Start of DATA FOR THIS TASK

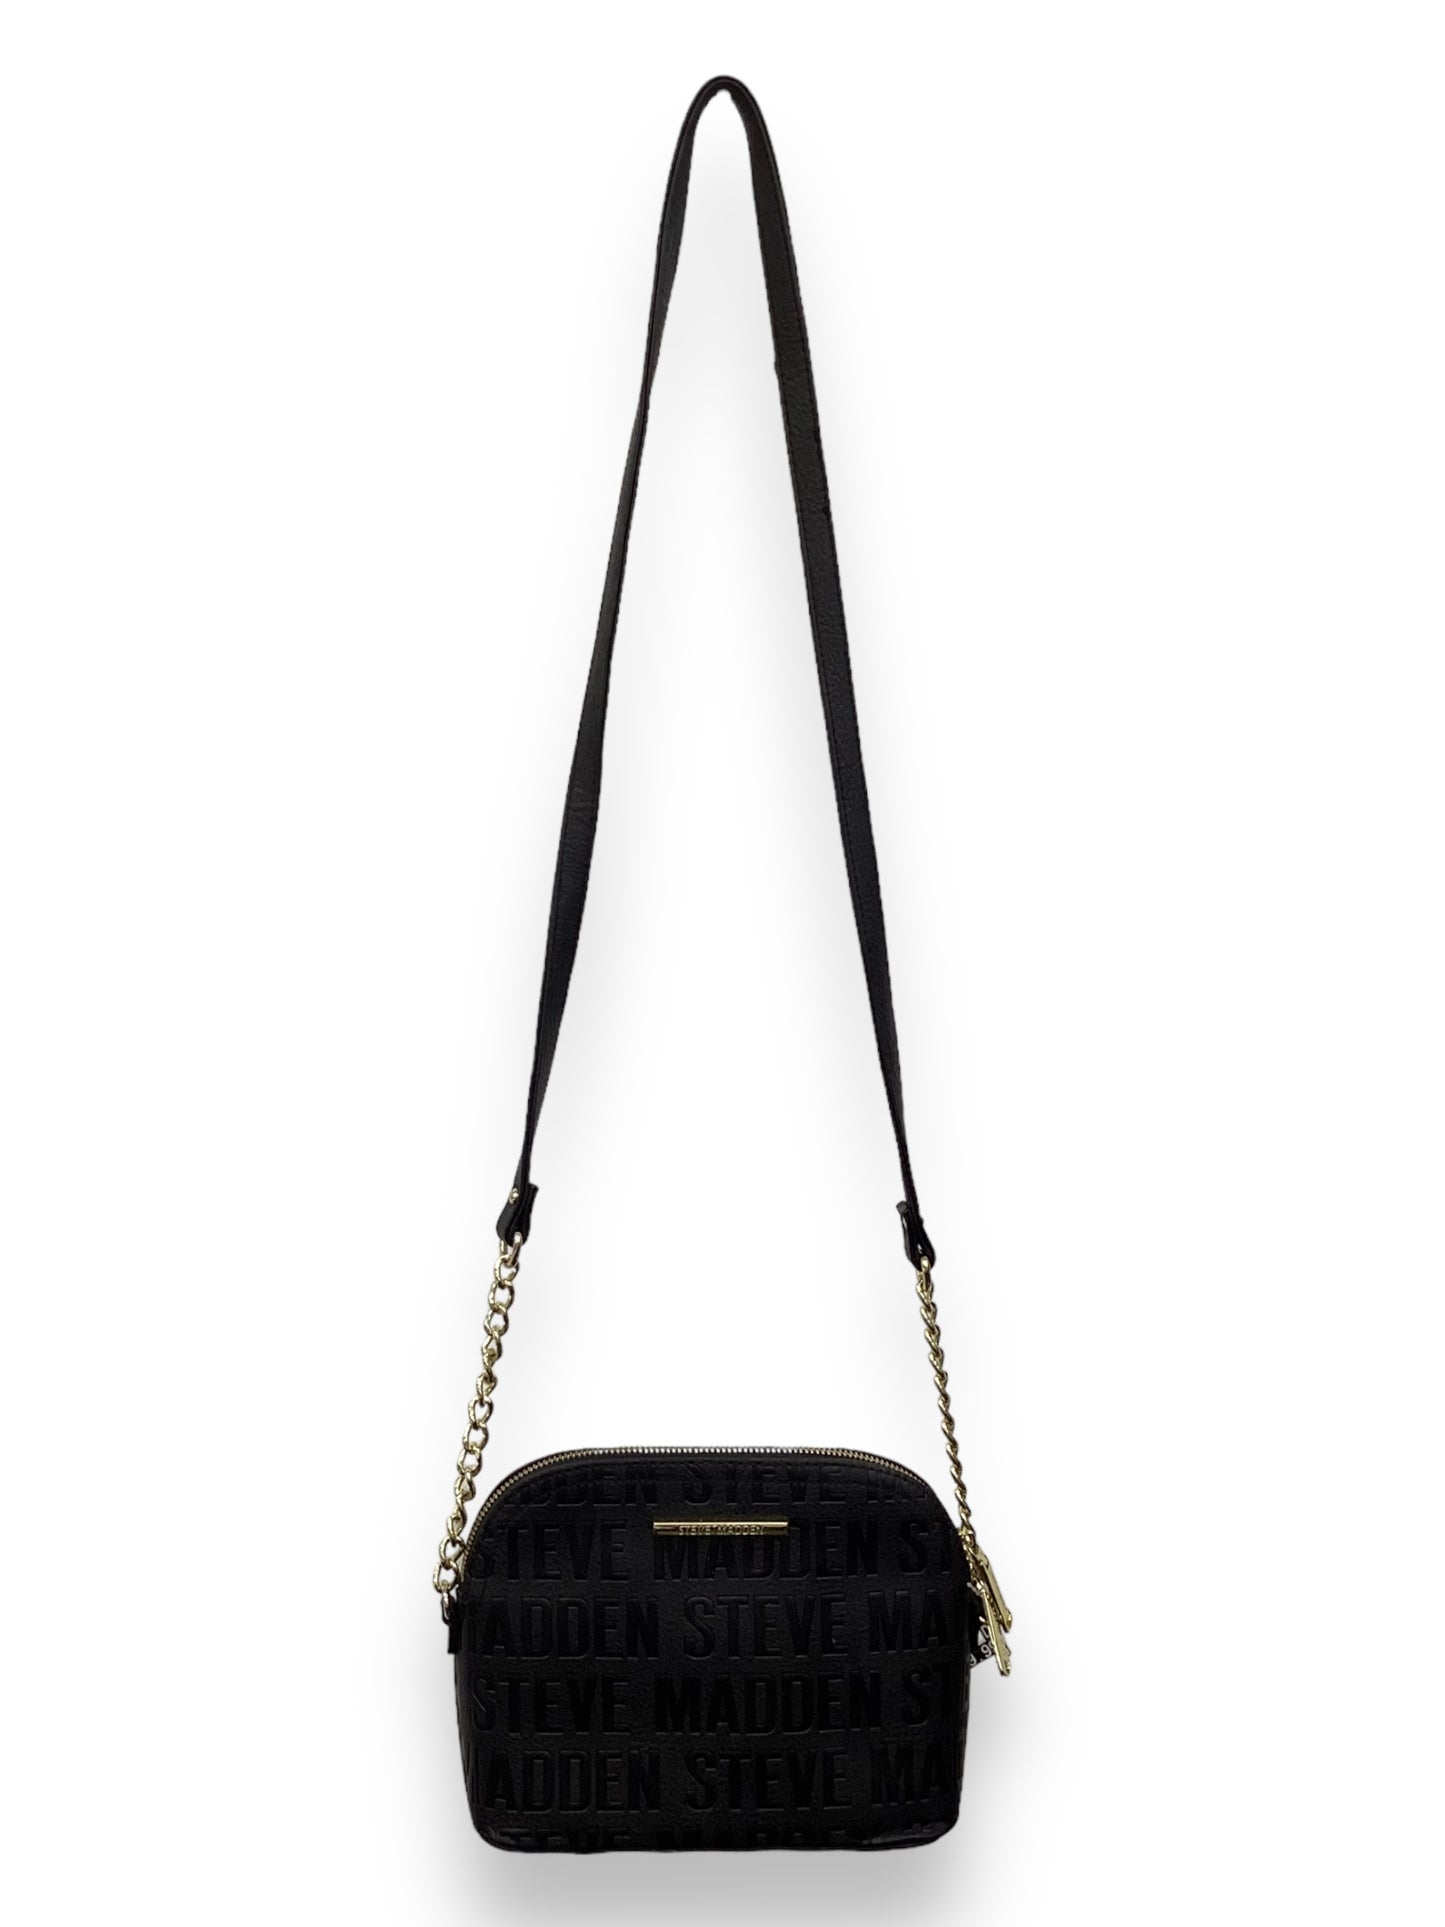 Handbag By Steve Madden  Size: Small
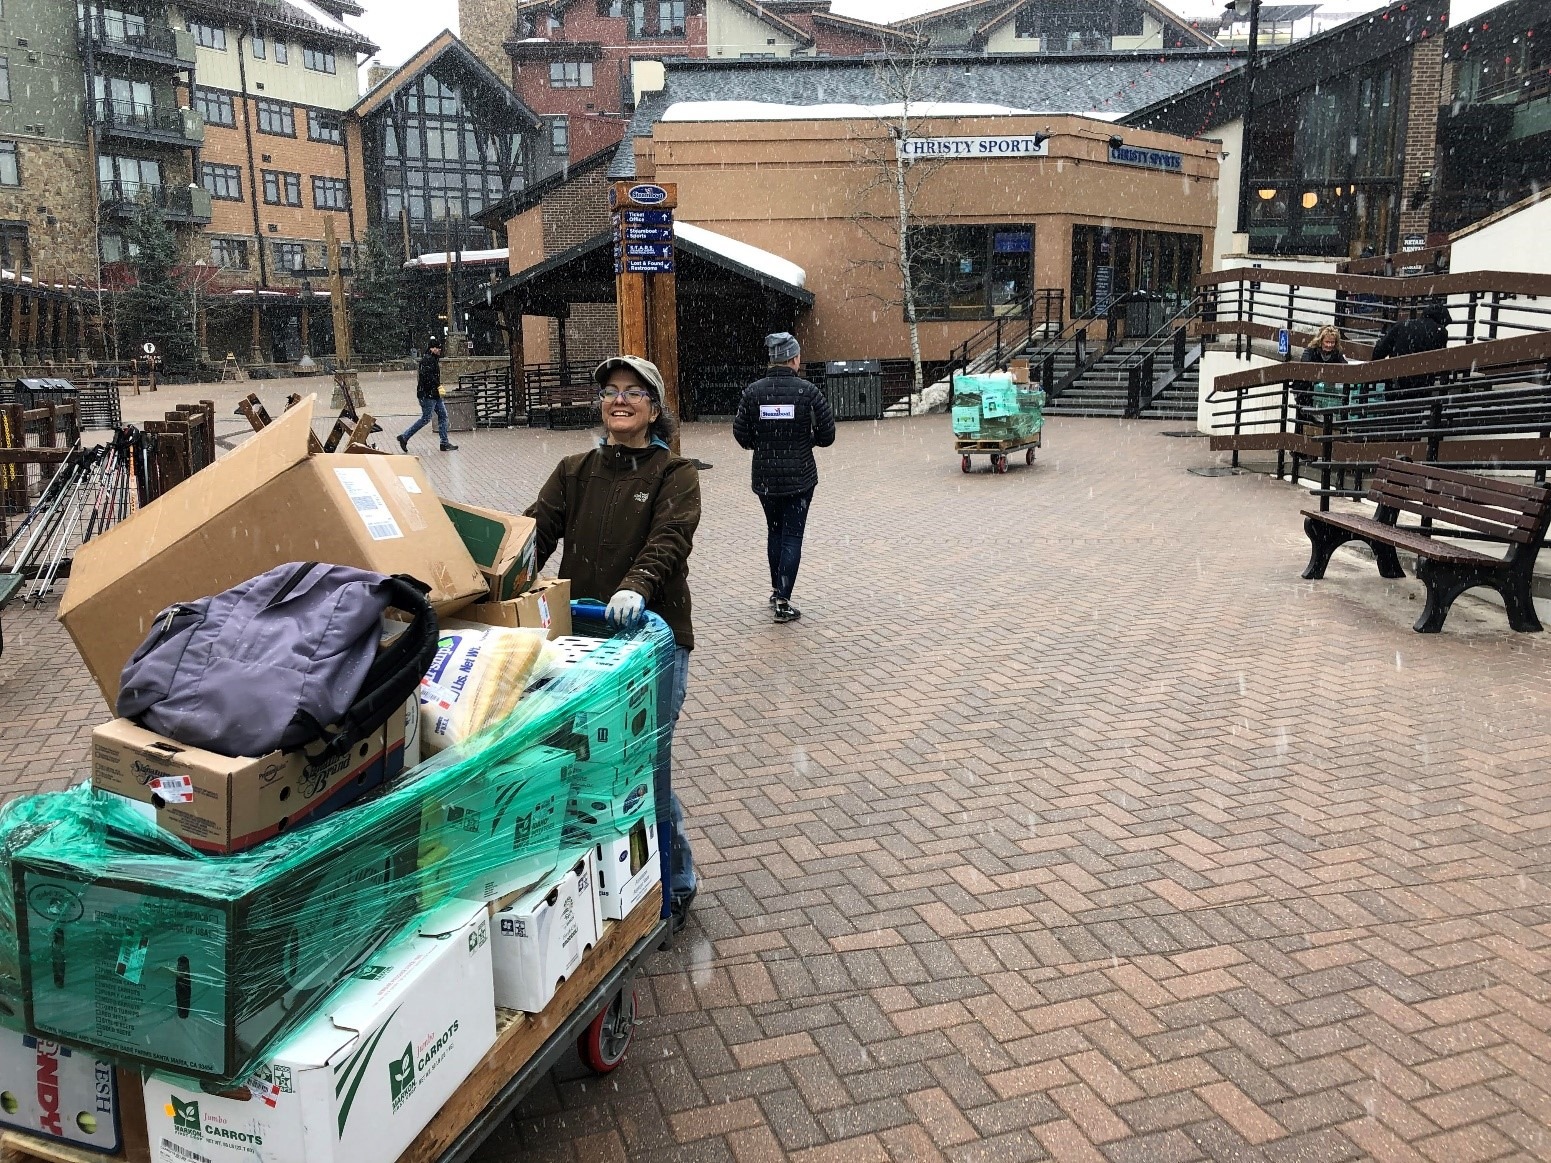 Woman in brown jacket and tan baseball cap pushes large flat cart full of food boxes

End of DATA FOR THIS TASK
Start of DATA FOR THIS TASK

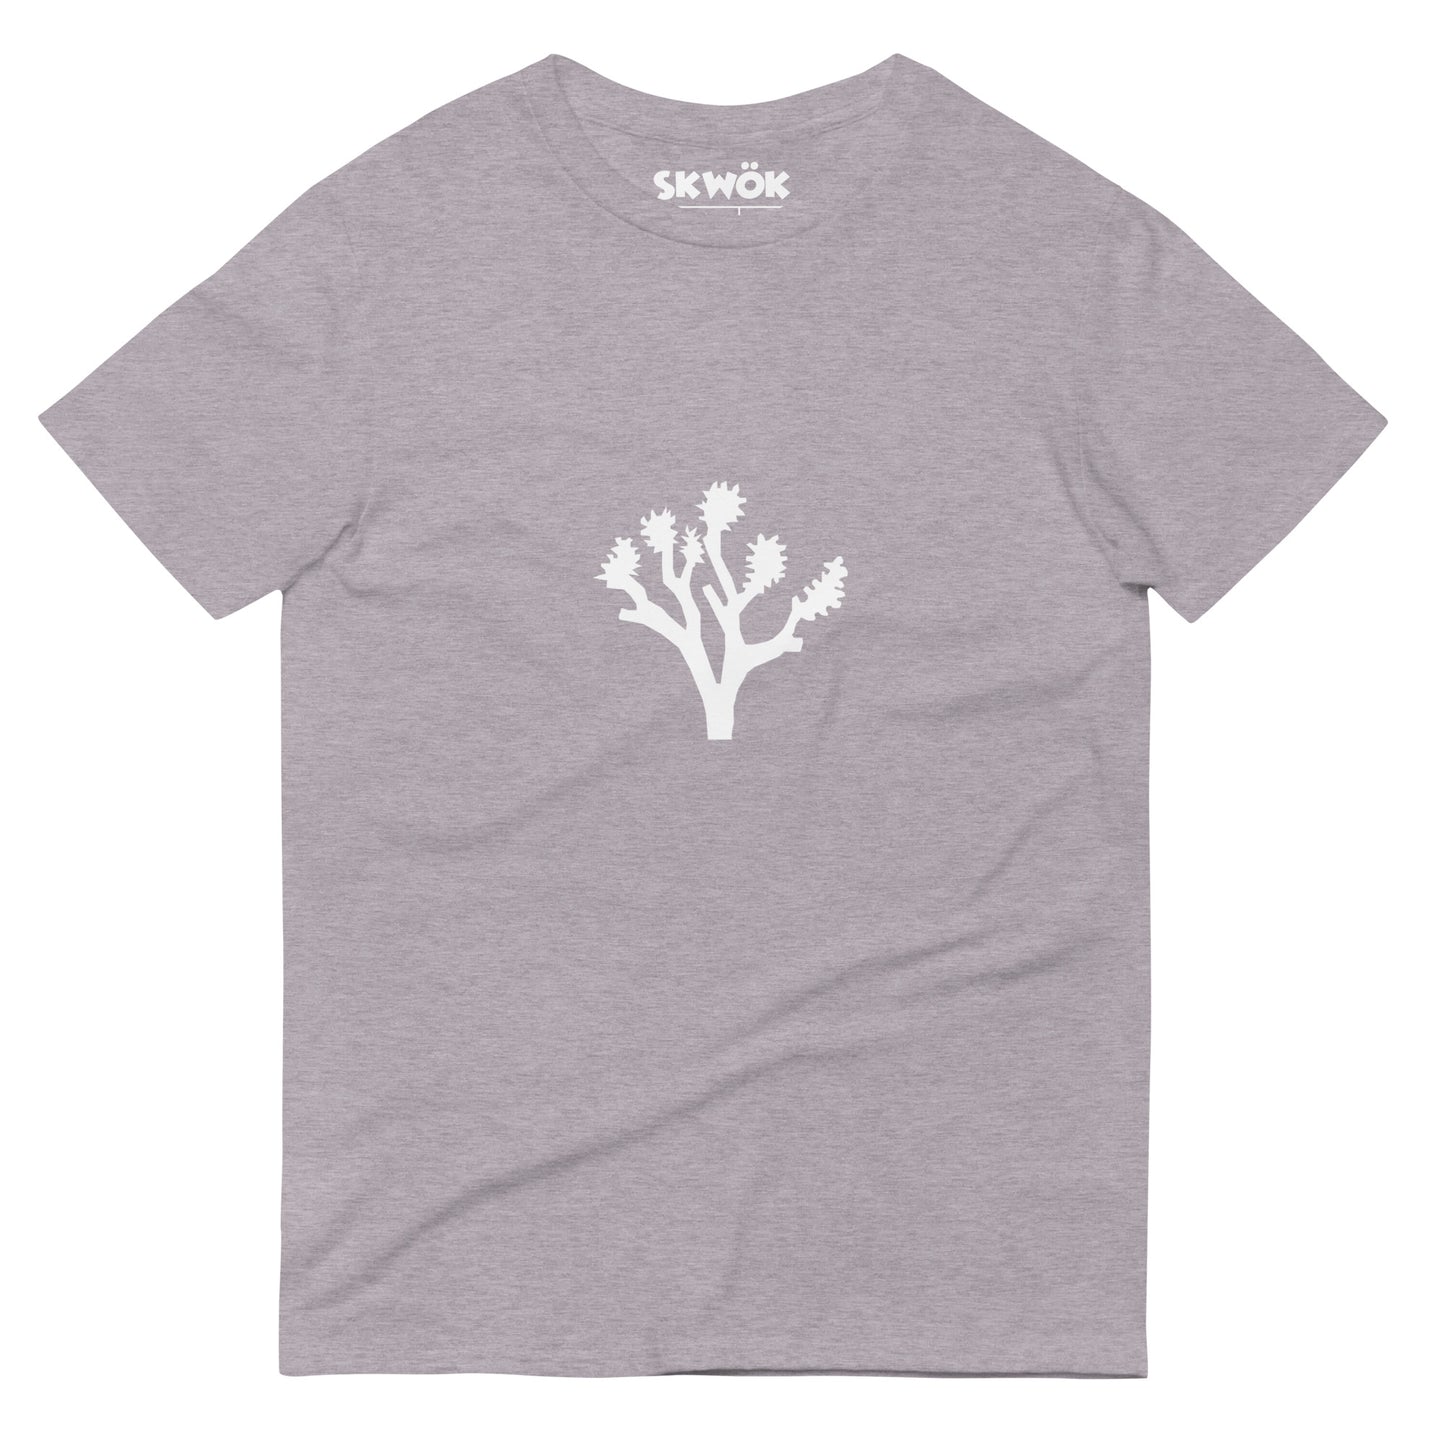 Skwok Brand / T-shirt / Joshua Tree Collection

End of DATA FOR THIS TASK

YOUR ASSIGNMENT:
Would you copy the lines above exactly, starting with the one that has "Handbag By Steve" and ending with the one that has "Woman in brown", both included, without the pictures?

WRITTEN SOLUTION:
 Handbag By Steve Madden  Size: Small
 Woman in brown jacket and tan baseball cap pushes large flat cart full of food boxes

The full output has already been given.